Ася, почти ослепшая от слез, посмотрела сквозь нее невидящими глазами, – ей казалось, что они хоронили поэзию, и как можно говорить сейчас о таком неважном, суетном...
Странная история произошла на выходе с кладбища: в воротах Лиля почти столкнулась с Ахматовой.
– Смотри, какая она – нельзя пройти мимо, не залюбовавшись ею... – прошептала Ася. – Говорят, что ее бабушка была княжна Ахматова...
– Князей Ахматовых в России не было, – фыркнула Лиля.
– Это одна из его любовниц... – показав на Лилю, сказал кто-то рядом, услужливо наклонившись к Ахматовой, и Ахматова взглянула на нее величественно, как королева на молочницу, словно не удостаивая любовницу своего бывшего мужа даже мимолетного любопытства. Ахматова была тонкая, черная, держалась как вдова и знаменитость, а Лиля была девочка с придуманным романом с ее бывшим мужем и никто.
«Я не любовница», – хотела сказать Лиля, и вдруг подняла голову, и, не посторонившись, метнула в нее бешеный взгляд, и та опустила глаза первой.
– Какая беда, – шептала ничего не заметившая Ася. – Я чувствую, что-то еще случится, беда никогда не приходит одна...
Даже известие о смерти Ильи Марковича в Белой Церкви тоже была жизнь, а теперь всё, как будто из украшенной по-новогоднему комнаты вынесли блестящую елку и потушили свет...
Стихи, литературные четверги, жизнь, голодная, но прекрасная, наполненная любовью, романами и легкомысленными обсуждениями, кто в кого влюблен, – все закончилось. Закрыли занавес, прекрасное представление завершилось, декорации разбирают, актеры смывают грим...
– Это конец, – обнимая Лилю, плакала Ася. – Мы все жили в карточном домике, кто-то подул на него, и он упал... Я знаю, что это конец, больше никогда, никогда ничего не будет...
– Нет, не все, нет, не конец, – обнимая Асю, плакала Лиля. – Я знаю, что это не конец, все еще будет...

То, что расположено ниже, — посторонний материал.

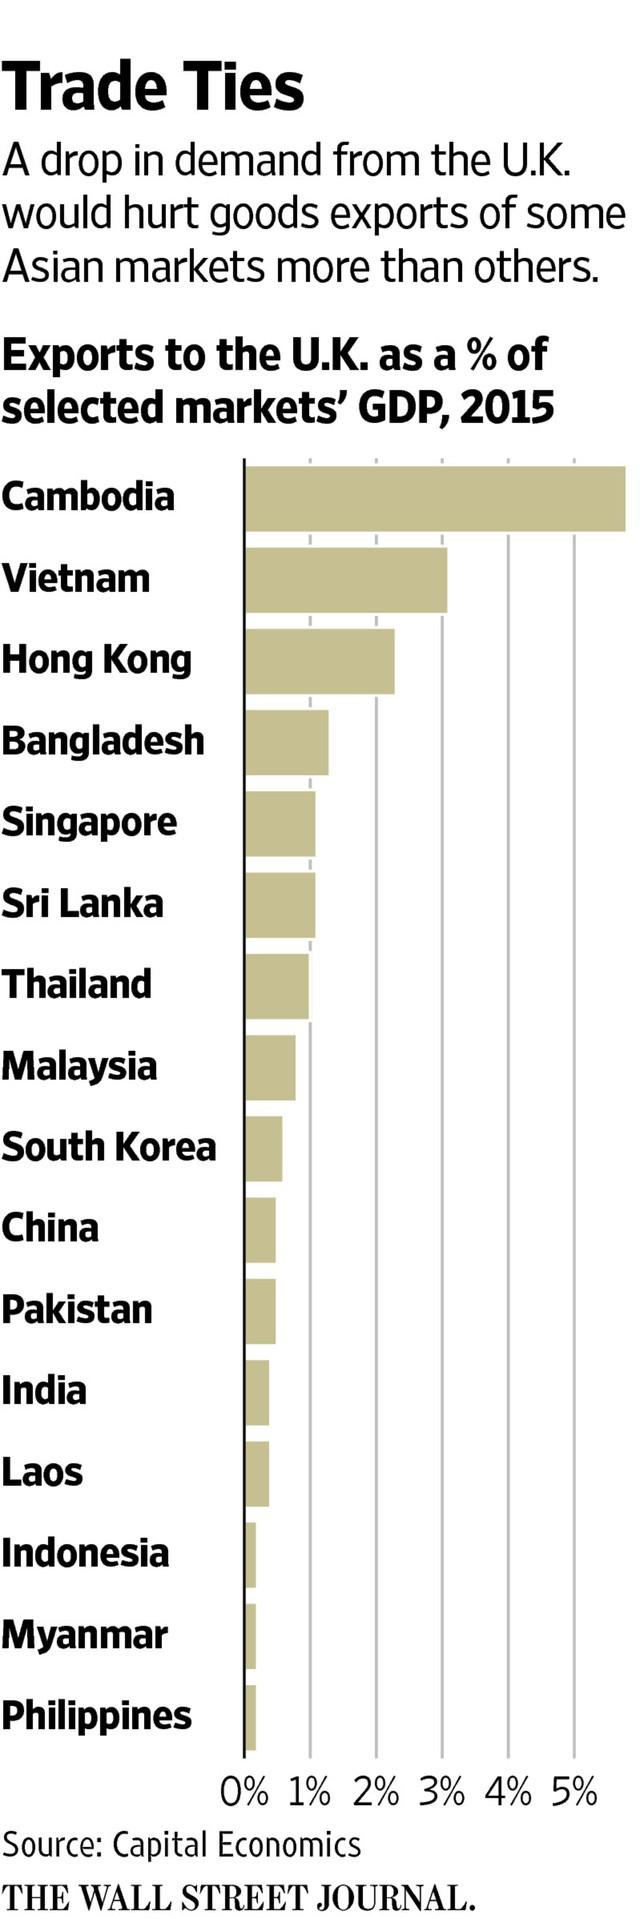 Tổng kim ngạch xuất khẩu sang Anh của các nước Châu Á tính bằng %GDP.

Произошло непонятное, невозможное – арестовали Мэтра. Девушки пришли, как обычно, в Дом искусств и застали там панику, растерянность, недоумение: к Мэтру приехали ночью, забрали, отвезли в тюрьму. За что, почему?.. Никаких сведений не было – говорили только, что у Мэтра при аресте в руках была «Илиада», с ней же его привезли в Чека, а потом «Илиаду» отобрали. От этого было еще страшней, – ПОЧЕМУ отобрали «Илиаду», разве это нельзя?..
Творческая интеллигенция Петрограда была расколота на два враждебных лагеря: тех, кто яростно ненавидел советскую власть и отвергал любое с ней взаимодействие, и тех, кто выступал за помощь новому режиму в культурных задачах в приемлемой для себя форме сотрудничества – работа в издательстве «Всемирная литература», в Доме искусств, преподавание... Мэтр – сотрудничал. Никто в Доме искусств не понимал, что Мэтр мог сделать власти, не за стихи же его арестовали, а кроме литературы Мэтр ничем не занимался... Студийцы испытывали изумление, смешанное со страхом, – ведь если могли так поступить с Мэтром, Поэтом (а поэт выше всех остальных людей, утверждал Мэтр), то это может произойти с каждым из них. В квартире на Надеждинской все замерло, и даже крик Фаины сменился громким театральным шепотом... Вот оно как оказалось: можно было смеяться над советской властью, как Леничка, не замечать власть, как Ася с Лилей, доброжелательно улыбаться власти, как Мирон Давидович, – и это были ИМИ ЗАДАННЫЕ отношения с властью, сводящиеся к «я тебя не трогаю, и ты меня не трогай», – но неужели власть в любой момент может САМА вступить с ними в отношения, какие захочет – ПРИЕХАТЬ НОЧЬЮ, ЗАБРАТЬ, ОТВЕЗТИ В ТЮРЬМУ, ЗА ЧТО?.. Фаина нервничала и, кажется, впервые сама точно не знала, чего хочет и как кому скомандовать. Не хотела выпускать девочек из дома, – кто знает, где эти дурочки будут болтаться и о чем болтать; не хотела, чтобы они были дома, – придут за ними, а их дома нет... и каждый час ей по-разному казалось для них безопасней.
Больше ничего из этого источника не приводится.